4.1 Outils et considérations pour le neuropsychologue clinicien

D’abord, la tâche de mémoire de source utilisée de manière expérimentale dans ces travaux et des travaux antérieurs de l’équipe de recherche apparait certainement être une tâche d’intérêt pour le neuropsychologue clinicien travaillant auprès d’une clientèle pédiatrique. L’accumulation de nouvelles données chez des participants contrôles de 9 à 25 ans élargit les données déjà disponibles sur le fonctionnement normal à cette tâche et permettra sous peu de rendre disponible un manuel d’utilisation et des normes préliminaires, bien que davantage de participants contrôles soient encore souhaitable. De plus, l’informatisation à la fois de la passation et de la cotation de cette tâche en fait maintenant un outil peu coûteux en termes de temps d’administration et de cotation pour le clinicien.

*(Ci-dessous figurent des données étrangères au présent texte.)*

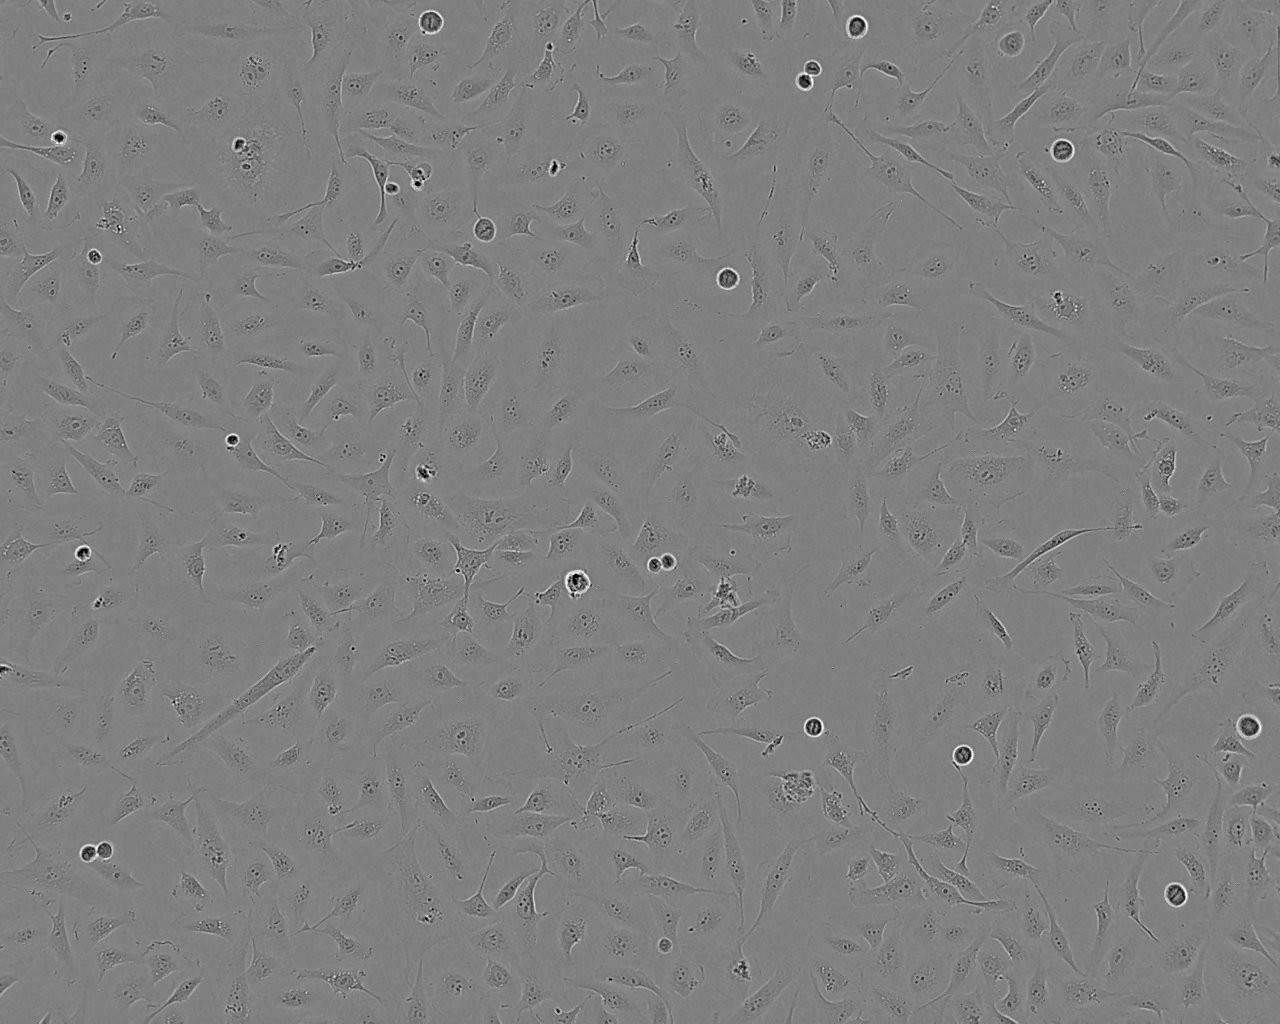 NCI-H1437 epithelioid cells人非小细胞肺癌细胞系,NCI-H1437 epithelioid cells

Sachant que des anomalies au plan de la mémoire de source sont détectables tôt dans le développement chez une population vulnérable à la psychose, l’utilisation de la tâche apparaît être une façon accessible de documenter la présence d’un tel risque pour les professionnels travaillant auprès des populations pédiatriques, particulièrement considérant les hypothèses formulées quant au lien entre une défaillance des processus d’attribution de la source (que celle-ci soit présente de façon stable tôt dans le développement ou qu’elle apparaisse graduellement) et le développement de la psychose. La mise en place de cette pratique clinique pourrait permettre de cibler plus tôt les individus vulnérables ou ceux chez qui un trouble psychotique est en train de s’installer, favorisant ainsi une prise en charge précoce. Ceci souligne l’importance que les neuropsychologues soient sensibilisés aux indicateurs précoces d’un risque à développer un trouble psychotique. En ce sens, la présente thèse permet maintenant de disposer de nouveaux indices de risque, tant sur le plan cognitif avec la mémoire de source que sur le plan clinique avec la propension à halluciner et l’expérience hallucinatoire sous-clinique.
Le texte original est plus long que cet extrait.